Select Easy configuration (Recommended) and then click Next.
Selecting a shutdown agent
The selection screen for the shutdown agent will appear.
Confirm the hardware machine type and select the appropriate shutdown agent.
For SPARC M10
Select XSCF (SPARC M10).
The following shutdown agents are automatically set.
Cluster systems between control domains
XSCF SNMP Panic XSCF-LAN#0(Domain)
XSCF SNMP Panic XSCF-LAN#1(Domain)
XSCF SNMP Reset XSCF-LAN#0(Domain)
XSCF SNMP Reset XSCF-LAN#1(Domain)
XSCF SNMP Reset XSCF-LAN#0(PPAR)
XSCF SNMP Reset XSCF-LAN#1(PPAR)
Select XSCF (SPARC M10, and then click Next.
Information
If you select a shutdown agent, the following timeout value is automatically set:
Timeout value = 20 (seconds)
Configuring XSCF
The screen for entering the information of XSCF will appear.
Enter the settings for XSCF that you recorded in "5.1.2.1.1 Checking XSCF Information".
Enter PPAR-ID.
Enter a domain name.
Enter "primary" for the control domain.
Enter the IP address of XSCF-LAN#0 or the host name that is registered in the /etc/inet/hosts file.

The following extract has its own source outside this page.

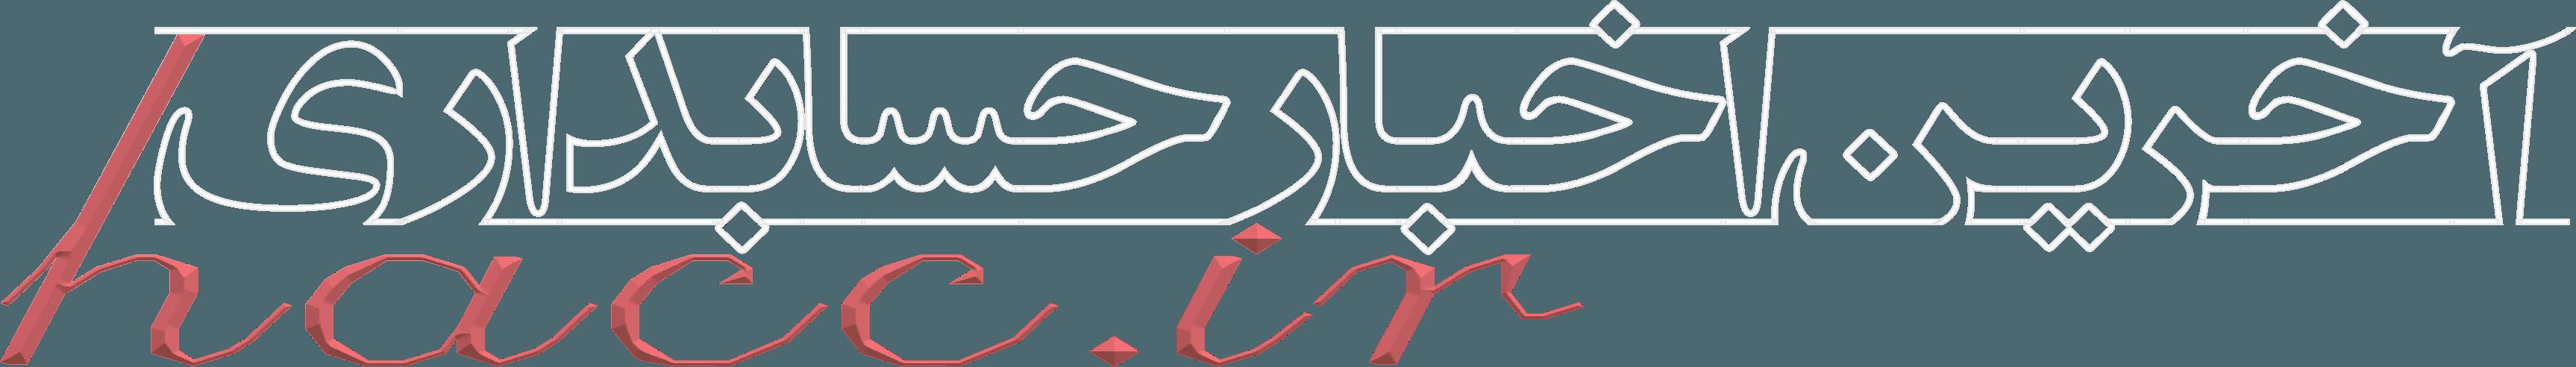 کلیه اخبار و بخشنامه ها و قوانین روز

Available IP addresses are IPv4 addresses.
Enter the IP address of XSCF-LAN#1 or the host name that is registered in the /etc/inet/hosts file.

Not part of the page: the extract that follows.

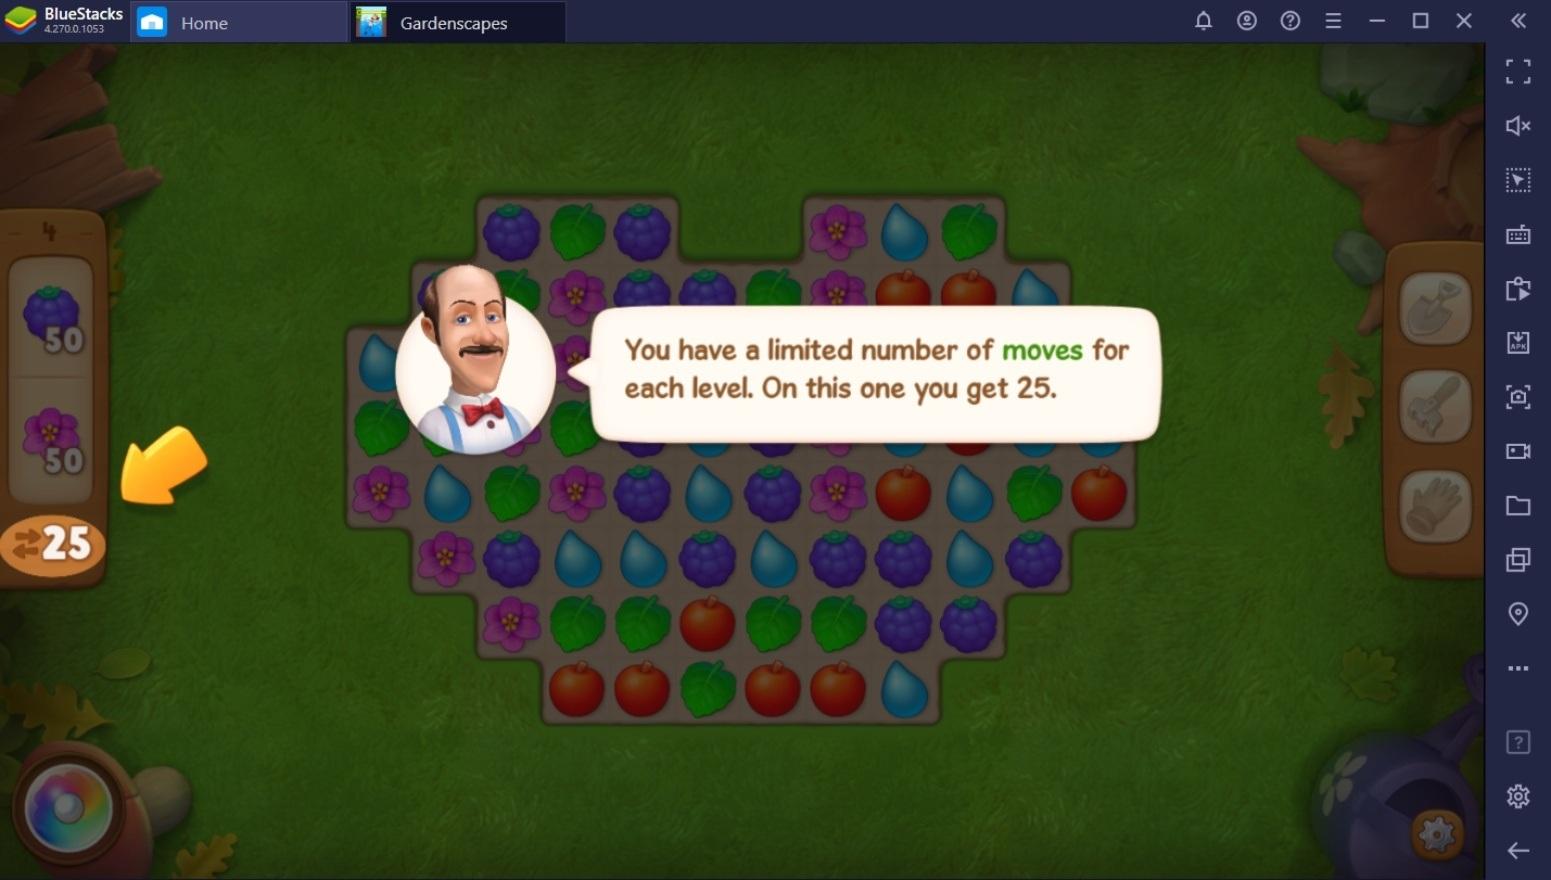 دليل المبتدئين للعب لعبة Gardenscapes

Available IP addresses are IPv4 addresses.
Enter a user name to log in to XSCF.
Enter a password to log in to XSCF.
Note
In the environment where XSCF is duplexed, a combination of a user name and a password for 2 of the XSCF must be the same.
To use the Migration function, set a combination of a user name and password for the XSCF and the connection method to the XSCF to be consistent on all nodes.
Upon the completion of configuration, click Next.
Entering node weights and administrative IP addresses
The screen for entering the weights of the nodes and the IP addresses for the administrative LAN will appear.
Enter the weights of the nodes and the IP addresses for the administrative LAN.
Enter the weight of the node that constitutes the cluster. Weight is used to identify the survival priority of the node group that constitutes the cluster. Possible values for each node range from 1 to 300.
For details on survival priority and weight, refer to the explanations below.
Enter an IP address directly or click the tab to select the host name that is assigned to the administrative IP address.
Available IP addresses are IPv4 and IPv6 addresses.
IPv6 link local addresses are not available.
Upon the completion of configuration, click Next.
Even if a cluster partition occurs due to a failure in the cluster interconnect, all the nodes will still be able to access the user resources. For details on the cluster partition, see "2.2.2.1 Protecting data integrity" in the "PRIMECLUSTER Concepts Guide".
To guarantee the consistency of the data constituting user resources, you have to determine the node groups to survive and those that are to be forcibly stopped.
The weight assigned to each node group is referred to as a "Survival priority" under PRIMECLUSTER.
The greater the weight of the node, the higher the survival priority. Conversely, the less the weight of the node, the lower the survival priority. If multiple node groups have the same survival priority, the node group that includes a node with the name that is first in alphabetical order will survive.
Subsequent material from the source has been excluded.